McConnell’s Green New Deal ‘stunt’ shows how little GOP has to offer on climate change

"I hope this lame stunt is the last gasp of climate denial."

Senate Majority Leader Mitch McConnell (R-KY) called a vote on the Green New Deal resolution on March 26, 2019. (Credit: Drew Angerer/Getty Images)
Senate Majority Leader Mitch McConnell (R-KY) called a vote on the Green New Deal resolution on March 26, 2019. (Credit: Drew Angerer/Getty Images)

As much of the Midwest remains underwater and temperatures soared well above the monthly average in Alaska, senators in Washington, D.C., engaged in a political power play.

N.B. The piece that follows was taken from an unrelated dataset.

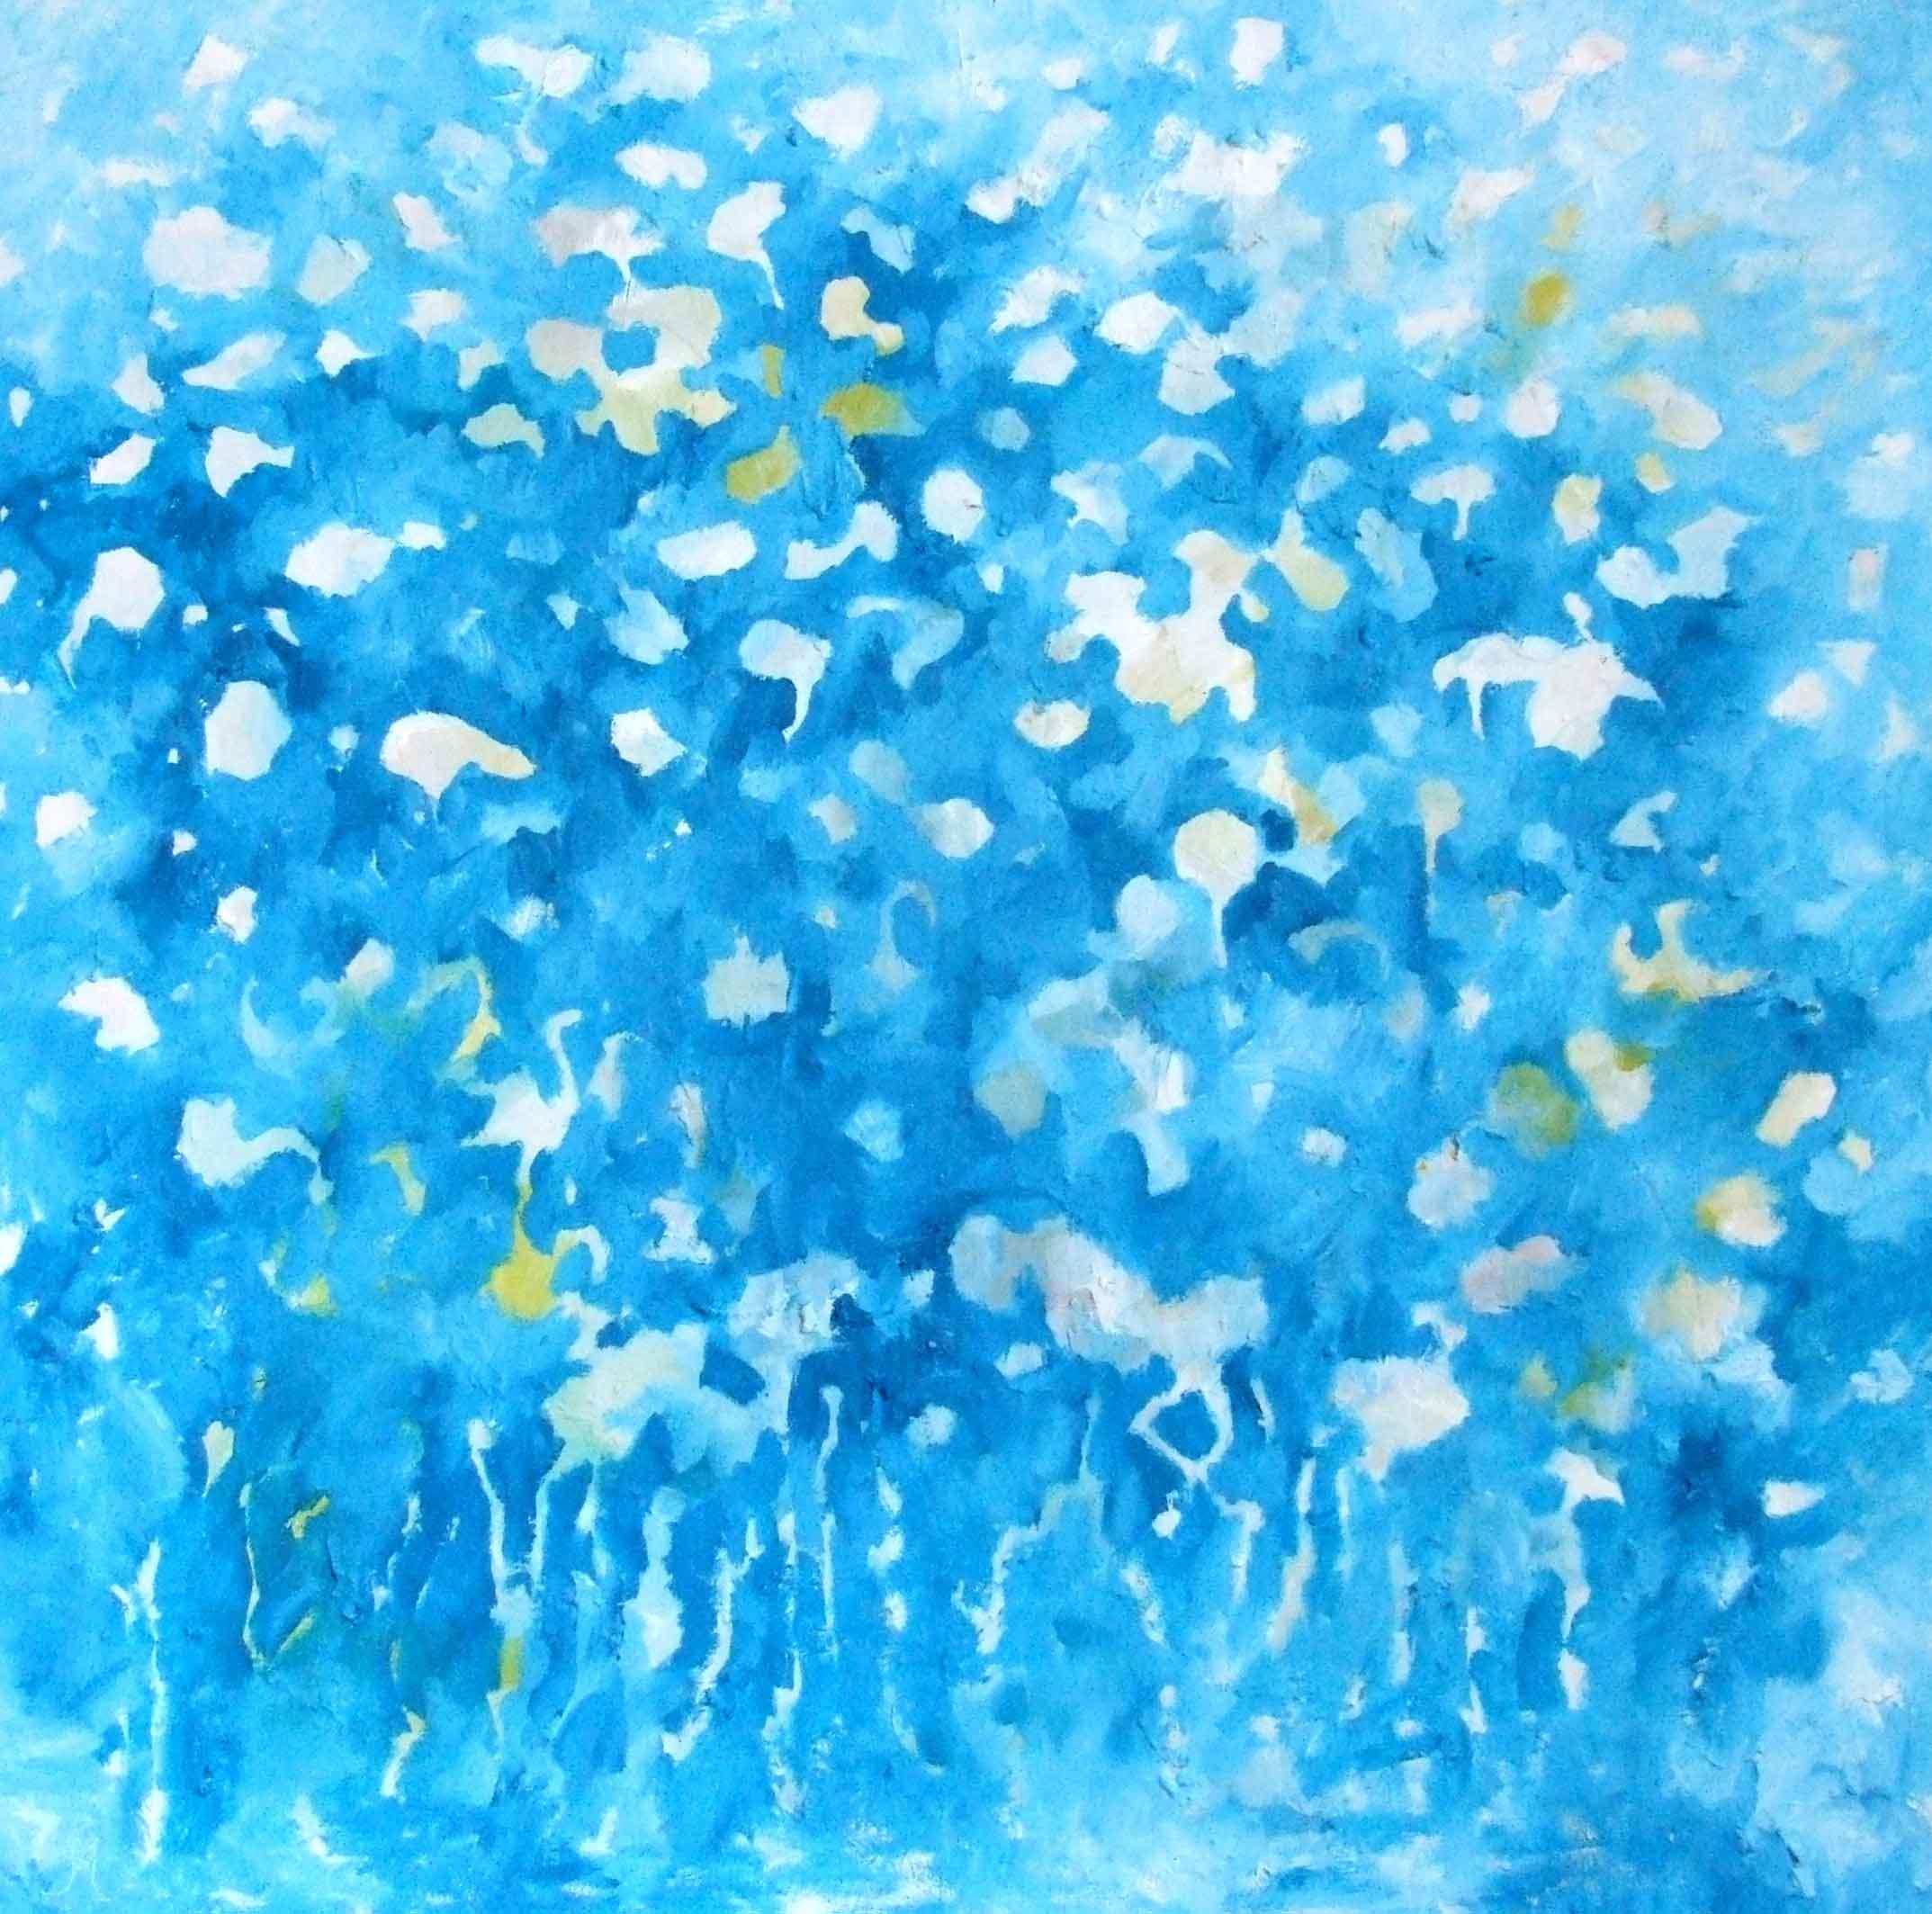 Star Struck, 1mx1m, oil on canvas

The Senate voted Tuesday against invoking cloture in order to proceed to a vote on the Green New Deal resolution, a nonbinding document that lays out aspirational goals for sweeping climate action. With zero senators voting in favor, 57 senators voted against the motion, and 43 voted present.

The vote was called by Senate Majority Leader Mitch McConnell (R-KY) in what many saw as an attempt to expose Democrats’ differing views on climate action and paint those supporting the ambitious climate resolution as anti-American “socialists.”

While most Democrats elected to vote “present,” thereby not engaging in McConnell’s stunt, three Democratic senators joined with Republicans in voting “no” on the resolution: Doug Jones (D-AL), Kyrsten Sinema (D-AZ), and Joe Manchin (D-WV).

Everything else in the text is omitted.